Gyula Csapó is one of the most prominent of the composers who came out of the composition class (1983-87) of the late Morton Feldman. He is also a protégé of the late John Cage, upon whose recommendation ("I admire his work... He would very much enliven the musical life of whatever city in which he lives, and those to which he would go") he came to Canada in 1990 as a Permanent Resident. Csapó is Assistant Professor of Composition and Music Theory at the Department of Music, University of Saskatchewan in Saskatoon, and Artistic Co-director of the fledgling annual Saskatoon New Music Festival he helped to establish.
Originally from "musical superpower" Hungary (a country where music education is among the highest levels in the world), he graduated from the Béla Bartók Conservatory and the List Ferenc Academy of Music in Budapest in Composision and Music Theory (1974-81). He also studied privately with Zoltán Jeney and had musical consultations of decisive importance with Albert Simon and György Kurtág.
While still a student of the Academy, he was invited to join the New Music Studio - Hungary's leading avant-garde formation under the mentorship of György Kurtág - to work in close collaboration with Zoltán Jeney, László Sáry, László Vidovszky, Péter Eötvös, Zoltán Kocsis and others. His composition Handshake After Shot was premiered at the Great Hall of the Liszt Academy in Budapest at the suggestion of Zoltán Kocsis in 1979. In 1980, Csapó's stage work, Krapp's Last Tape after Samuel Beckett was performed at the Darmstadt International Summer Courses for New Music. Next year, the same piece made its way to the Sameul Beckett Festival held at the Theater am Turm in Frankfurt am Main.
In 1981 Csapó received a French Government Scholarship to pursue studies in musical acoustics and computer music with David Wessel and Stephen McAdams at IRCAM, Paris. Meanwhile, his music gained exposure all over Europe (Poland, Germany, Italy, the UK and the Netherlands). In 1983 he was awarded the Woodburn Fellowship (1983-87) to study with Morton Feldman in the United States. He taught at SUNY in Buffalo (1984-86) and completed his Ph.D. in Composition with financial help from the Soros Foundation (1987-89). At the recommendation of John Cage, Csapó was twice awarded grants from the Contemporary Performance Arts Foundation in New York City. Handshake after Shot received its US premiere at the Alice Tully Hall in the Lincoln Center (1990) by the Contunuum Ensemble under the direction of Joël Sachs. In the same year, he was invited to teach Orchestration, Music Theory and Contemporary Music Ensemble at McGill University in Montreal (1990-91) as he became a permanent resident of Canada. He went back to the United states for three years (1991-94) to take up an appointment as Assistant Professor of Composition at Princeton University, and returned to Canada in 1994 to the position he is currently holding, helping New Music to take roots in Saskatoon.

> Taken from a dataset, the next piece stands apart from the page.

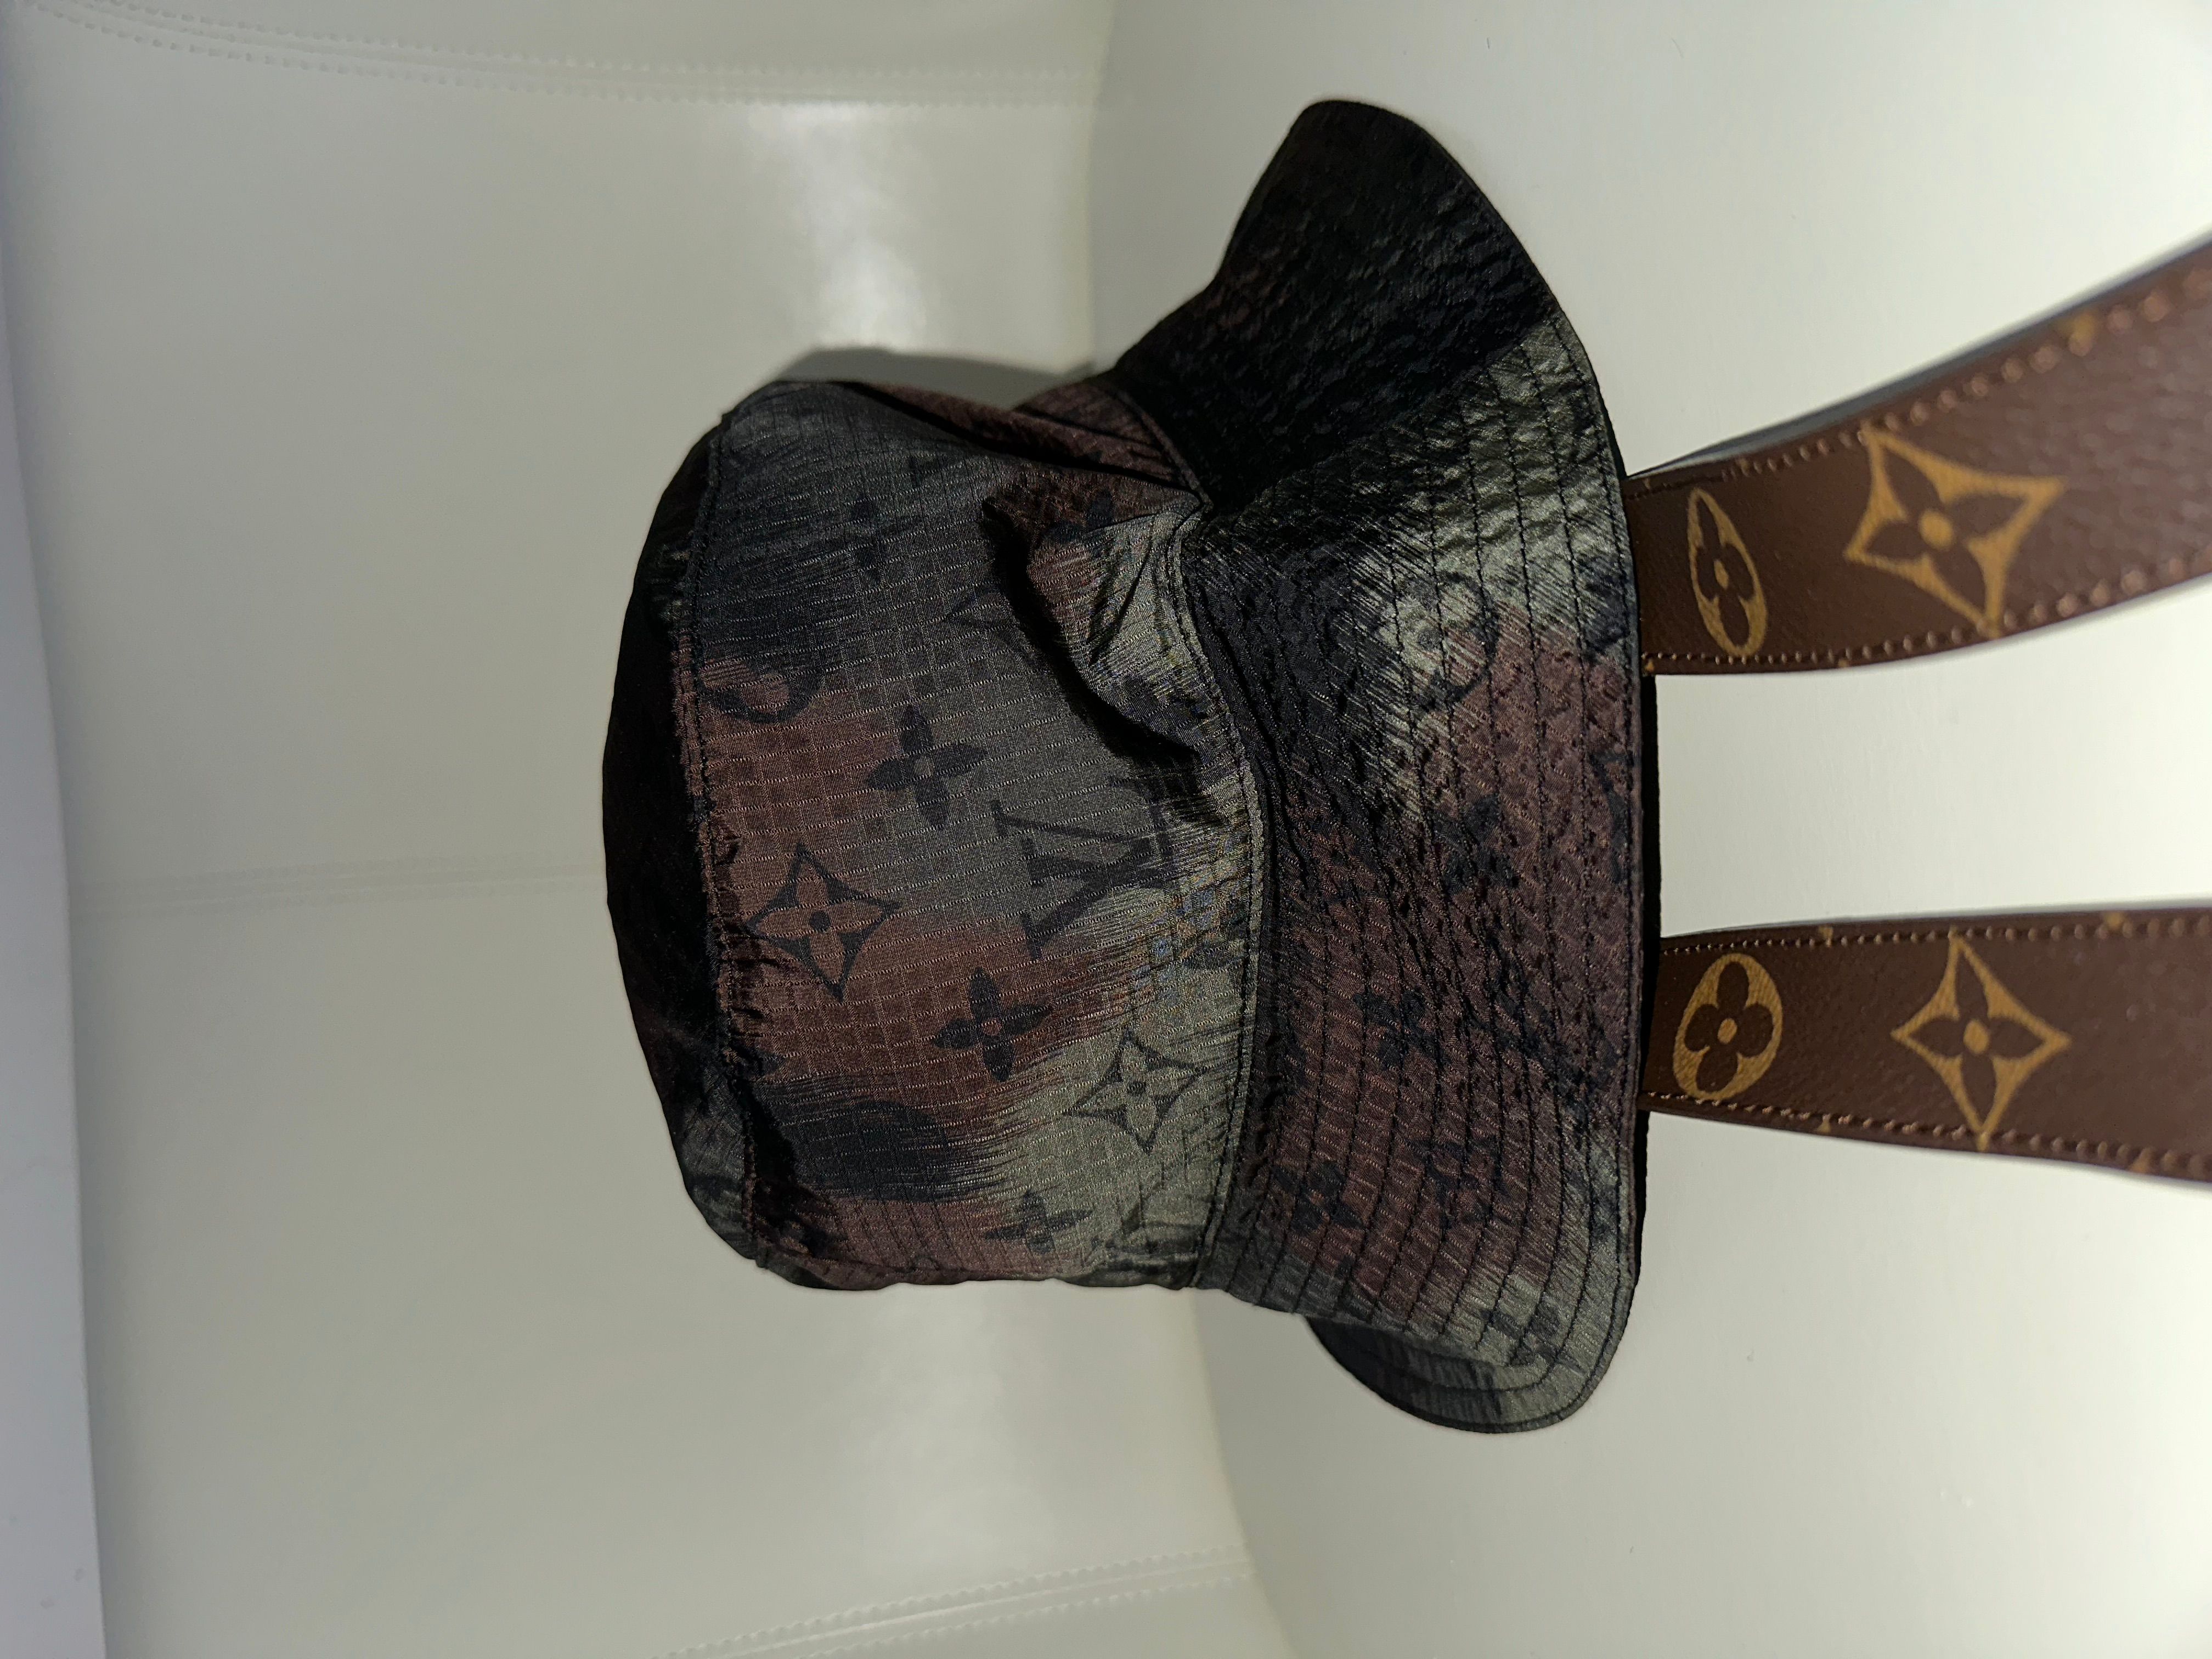 Louis Vuitton IKAT MONOGRAM CAMOUFLAGE Bucket Hat with Signature Straps. 58

His music is performed world-wide. In September 1994, Hungarian Television produced a program featuring Gyula Csapó's music. He had two full evening of his music in New York City (Experimental Intermedia Foundation, 1988, and The New York Society for Ethical Culture, 1993, sponsored by the American Music Theatre Group). The City of Köln sponsored a full evening of his works at the Alte Feuerwache in May, 1995. The compact disc recording of Csapó's "A Desert March" was issued on the lagel Open Space in the United States in 1995. The "Music of Our Time" Festival in Budapest regularly programs premieres of his compositions.
During the 1996-97 academic year, he became Fellow at Collegium Budapest - Institute for Advanced Study, where he continued to work on a five-act "musical tragedy", Phaedra, called by the late maestro Charles Bruck "the Pelléas of our time" during his visit to Princeton in 1992. In the same year, Csapó received a grant from the Canada Council to complete three electroacoustic works which are currently in progress. A new work was commissioned for CBC Saskatchewan, and is scheduled for its premiere during Spring, 1999 at the Saskatoon New Music Festival. After the Canadian premiere of "XPOHOI - In Memoriam Morton Feldman" in Ottawa, a full evening of Csapó's music took place in Paris, France in October, with the participation of the Modern quartet and also Marc Sabat as soloist in Krapp's Last Tape. A new CD of the first period of Csapó's has been recorded during June, 1997 for release and worldwide distribution, jointly sponsored by the Budapest Music Center and Editio Musica Budapest.
One of the leading composers of our time, György Kurtág wrote in his appraisal of Csapó's work: "His music... is answering the most timely questions with hours of exceptional quality. His musical language is highly original and strikingly powerful... His integrity and creative imagination... represents... one of the most important contributions in the field today."